Public DeReKo access

KorAP

We just relaunched KorAP providing a large subset of DeReKo (with most data from the W archive of COSMAS II, comprising more than 11 million documents). The data is annotated with part-of-speech information from CoreNLP, MarMoT, OpenNLP and TreeTagger, additional morphological features from MarMoT, lemma annotation from TreeTagger, constituency annotations from CoreNLP and dependency annotation from Malt.

To grant access to the restricted corpora, we are currently fixing a critical bug in the integration of the user management of COSMAS II – therefore, KorAP is temporarily not accessible from outside the IDS until we finished the integration.

Rabbid – Rapid Application Development Environment released on GitHub!

Rabbid - Recherche- und Analyse-Basis für Belegstellen in Diskursen

We are happy to announce the open source release of Rabbid (“Recherche- und Analyse-Basis für Belegstellen in Diskursen”). Rabbid is a standalone rapid application development environment for KorAP and used in production for the creation and management of collections of textual examples in the area of discourse analysis and discourse lexicography.

The development of Rabbid was a joint effort by the KorAP project and Dr. Ruth Mell of the Demokratiediskurs 1918-1925 project at the Institute for the German Language in Mannheim.

Unlike KorAP, Rabbid provides only a limited set of search operators for small, non-annotated corpora.

You can download Rabbid from GitHub. Rabbid is free software published under the BSD-2 License.

Rabbid - Screenshots

Kalamar – User Frontend released on GitHub!

Mojolicious-based Frontend to KorAP

We are happy to announce the open source release of Kalamar, the Mojolicious-based frontend for KorAP!

Kalamar is written in Perl and JavaScript, acts as a proof-of-concept for the KorAP API, and provides, among other features, …

  • aligned KWIC views,
  • multiple highlighting,
  • table views of morphological annotations,
  • tree views of hierarchical annotations,
  • localization,
  • a language-independent query helper for multiple tag sets,
  • and an embedded and interactive documentation!

Screenshots

Expect more features to come! You can already use Kalamar from inside the IDS and download the sources from GitHub.

EDIT: The IDS-Instance of KorAP is currently not accessible from outside the IDS.

KoralQuery at the QueryVis Workshop in Vilnius

KoralQuery, the general Corpus Query Protocol used for inter-component communication in KorAP, was presented on May 11th at the workhop on Innovative Corpus Query and Visualization Tools (QueryVis). The workshop was part of the 20th Nordic Conference of Computational Linguistics (Nodalida) in Vilnius, Lithuania. Proceedings are already available.

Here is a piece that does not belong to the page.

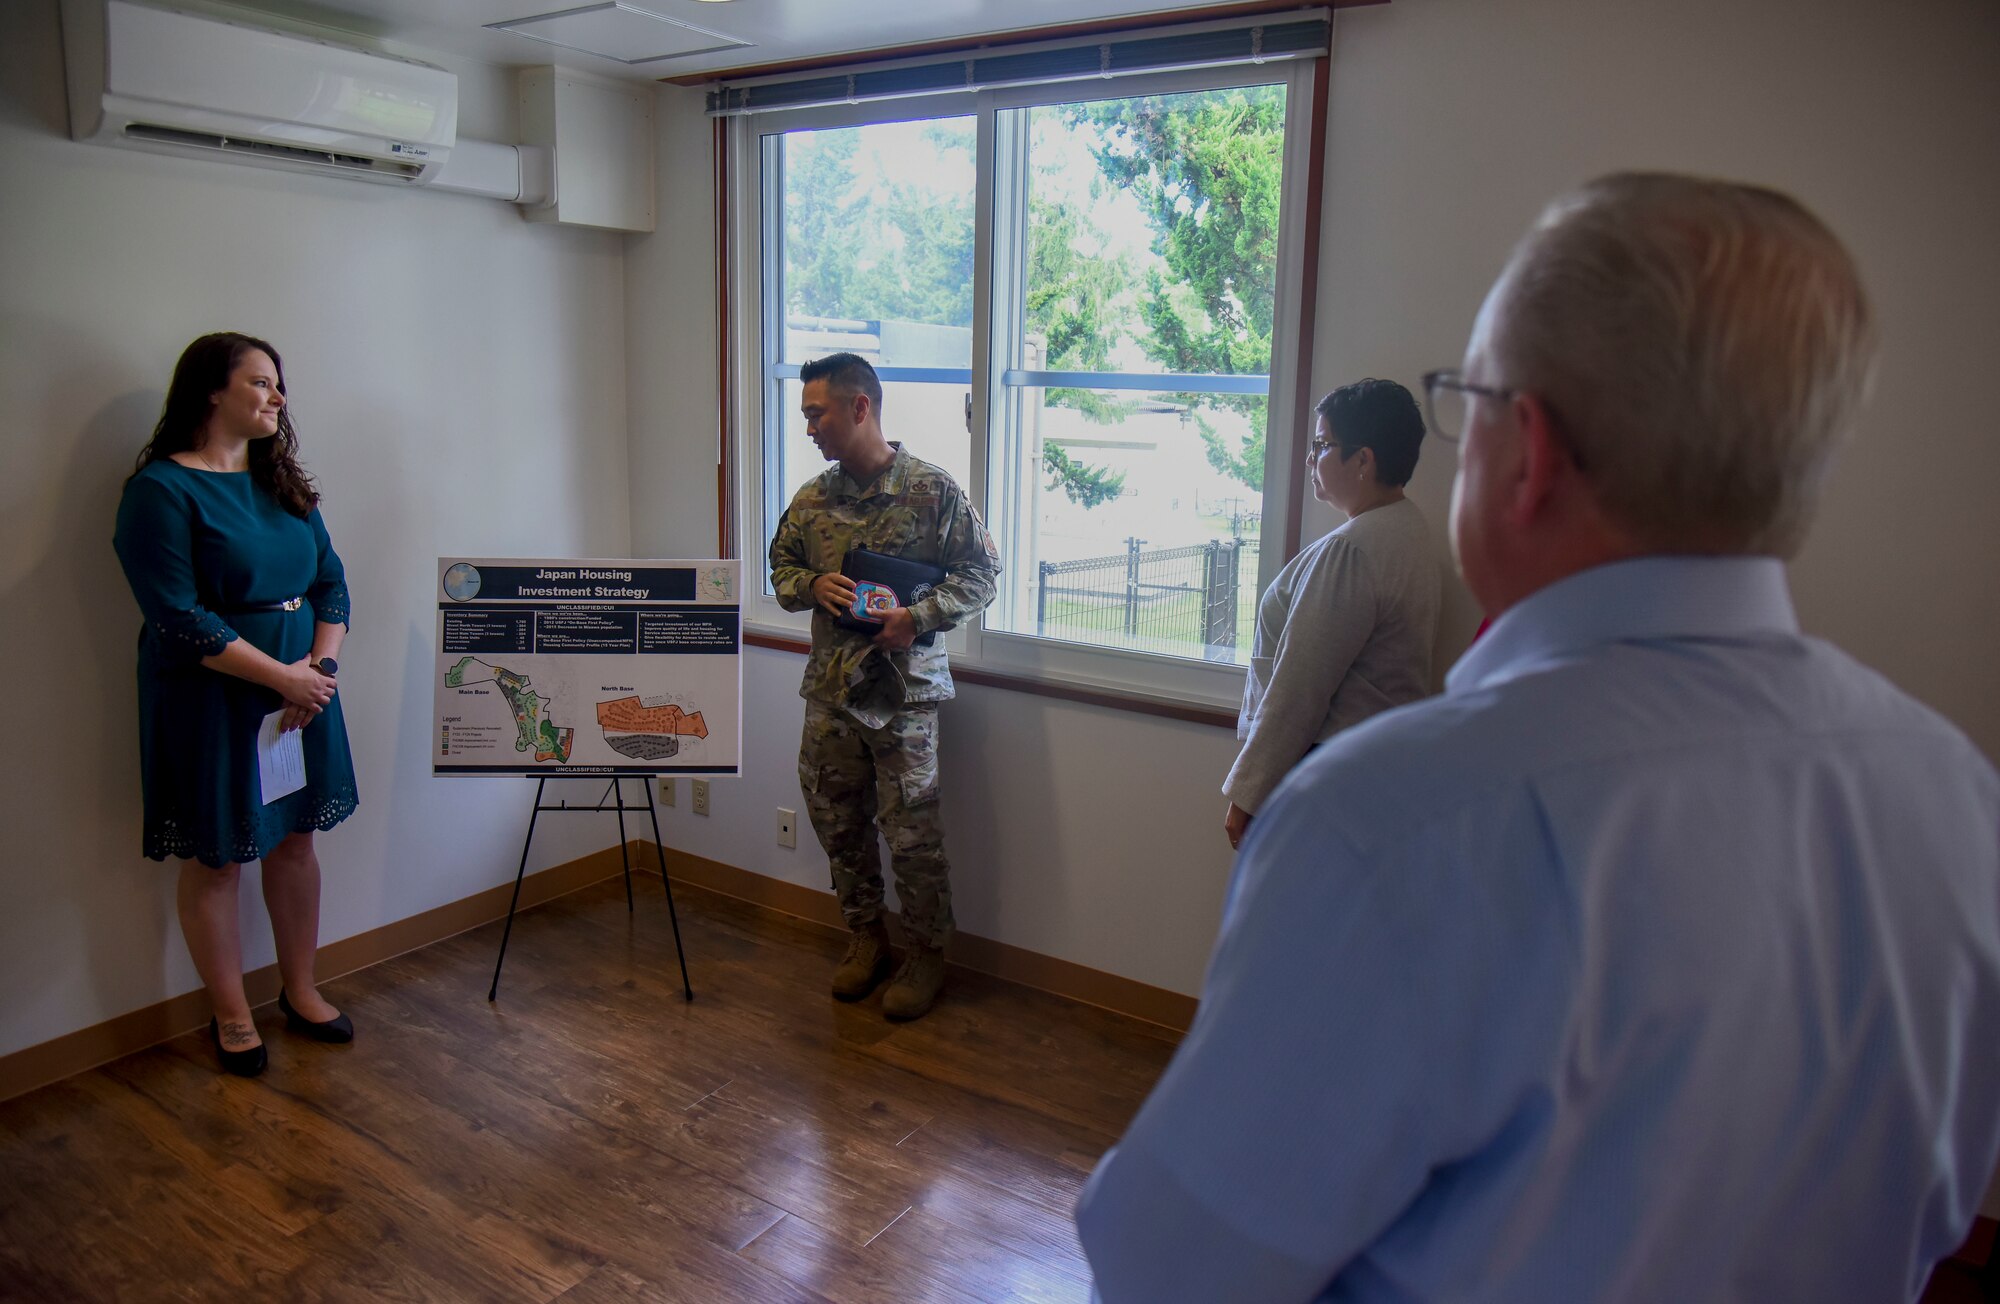 A military member presents a housing outline to members of the House Armed Services Committee.

We would like to thank the reviewers and organizers for a great workshop!

Please cite this work as:
Joachim Bingel, Nils Diewald (2015). KoralQuery – a General Corpus Query Protocol, Proceedings of the Workshop on Innovative Corpus Query and Visualization Tools at NODALIDA 2015, May 11-13, 2015, Vilnius, Lithuania.

Krill – Lucene-based Search Backend released on GitHub!

A Corpusdata Retrieval Index using Lucene for Look-Ups

We are happy to announce the open source release of Krill, the Lucene-based search backend for KorAP! Krill is the reference implementation for KoralQuery, covering most of the protocols features, including …

  • Fulltext search
  • Token-based annotation search
  • Span-based annotation search
  • Distance search
  • Positional search
  • Nested queries

… and many more!

You can download Krill on GitHub – feedback and contributions are very welcome!

KorAP alpha open for testing

The test version of KorAP is now open for IDS-internal access only, through the “demo” profile, linked right below the “Login” button, at http://korap.ids-mannheim.de/app

Please note that, for the time being, we can only serve a limited portion of DeReKo data, available to non-authenticated users. The preferred browser to use is Firefox. The frontend has also been tested with Safari. Old versions of Internet Explorer will surely not work well with it.

As you can image, at the moment we are aware of the most critical bugs, but we welcome all feedback, big and small. Bug report forms are available from inside the test version, by clicking the “Kontakt” link.

Proudly,

the KorAP Team

Preliminary Feature Freeze of the Lucene Backend

Today we reached a preliminary feature freeze of the the Lucene based backend of KorAP. We now provide a good portion of the functionality of Cosmas II, are close to fully support the Poliqarp Query Language, and introduced some quite nice novel features for corpus querying.
Although most of the missing features are already provided by the second backend (using a Neo4j graph database), implementing these features is scheduled for early next year, marking the final milestone before starting the alpha testing phase of the KorAP project.
In the next weeks we will prepare the frontend to support all new backend functionalities and start working on the distribution capabilities of the index.